Back in mid-January, I wrote that Western Digital (WDC) was a bargain at 25.27 and stated that there was no way that this stock was staying below $30/share. Then the very next day, a caller on Mad Money asks Jim Cramer if it was a good time to buy the stock and I started to get excited. Cramer would give a plug and I would see a nice bounce in the stock. But he said "don't buy!" and called hard drives a commodity and stated that WDC has no control of the market.
I'll leave it to the tech experts to decide if the hard drive industry is a commodity business. But a company earning $4/share, expanding market their share, and trading at $25 is a buy regardless of what type of industry they operate in.
Yesterday, WDC hit a 52 week high of $34.80, a 37.7% gain from when I called it a bargain on 1/15. Today, after two downgrades, it was down to $32.26, 28% higher than the price on 1/15. I can't fault the analysts too much from dropping the stock to neutral from buy (although they certainly are wrong), as this quick of a price increase invites profit taking.
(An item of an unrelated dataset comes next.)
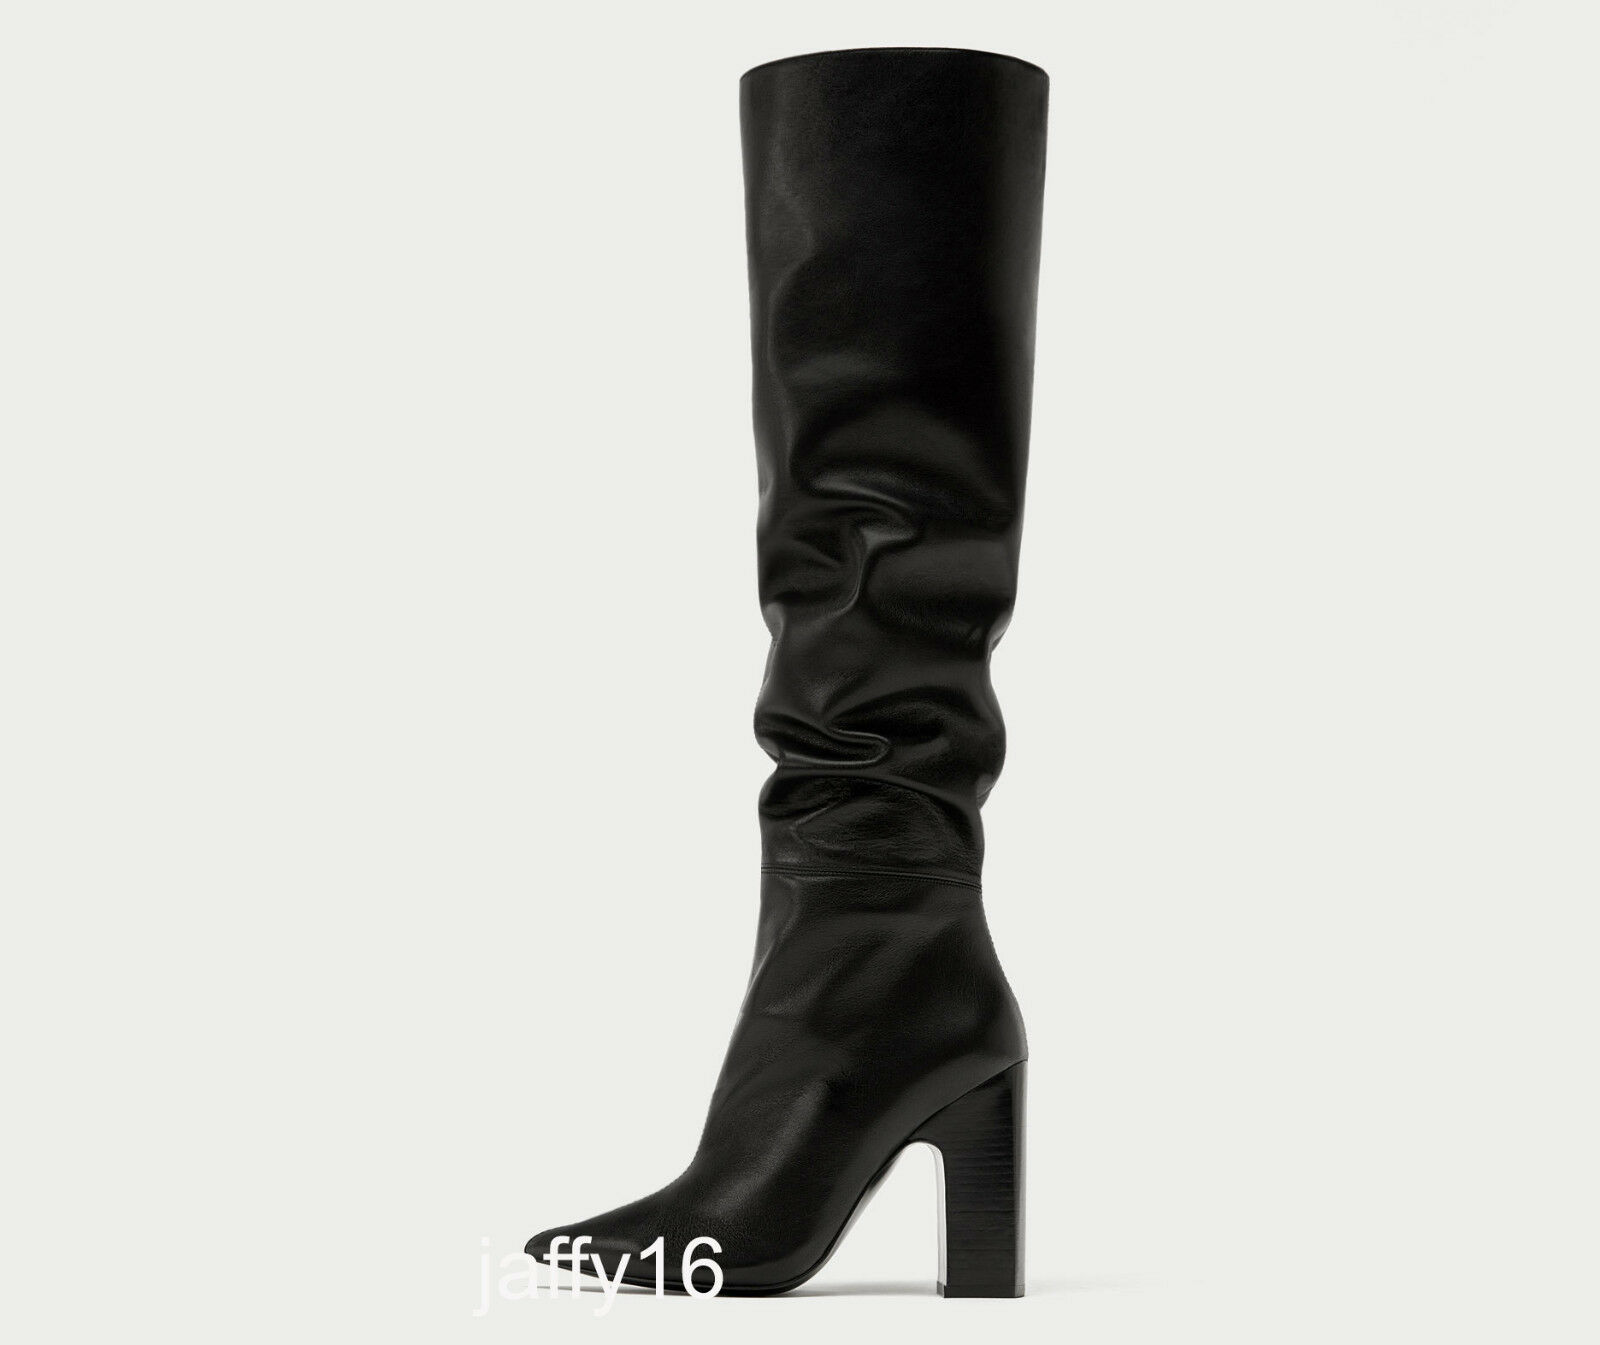 ZARA ZARA ZARA NEW LEATHER HIGH HEEL BOOTS WITH WIDE SLOUCHY LEG KNEE BLACK 36-41 5017 201 aaf626

But WDC just revised 4th quarter earnings upward and I still this stock moving higher throughout the year and $40/share isn't out of the question.
As for Cramer, I'm a big fan of the show. But you need to remember that while he may have an opinion on every stock, he only has superficial knowledge of most of them. If you own a stock, there is a good chance you will have a better idea of where it's going than Cramer does.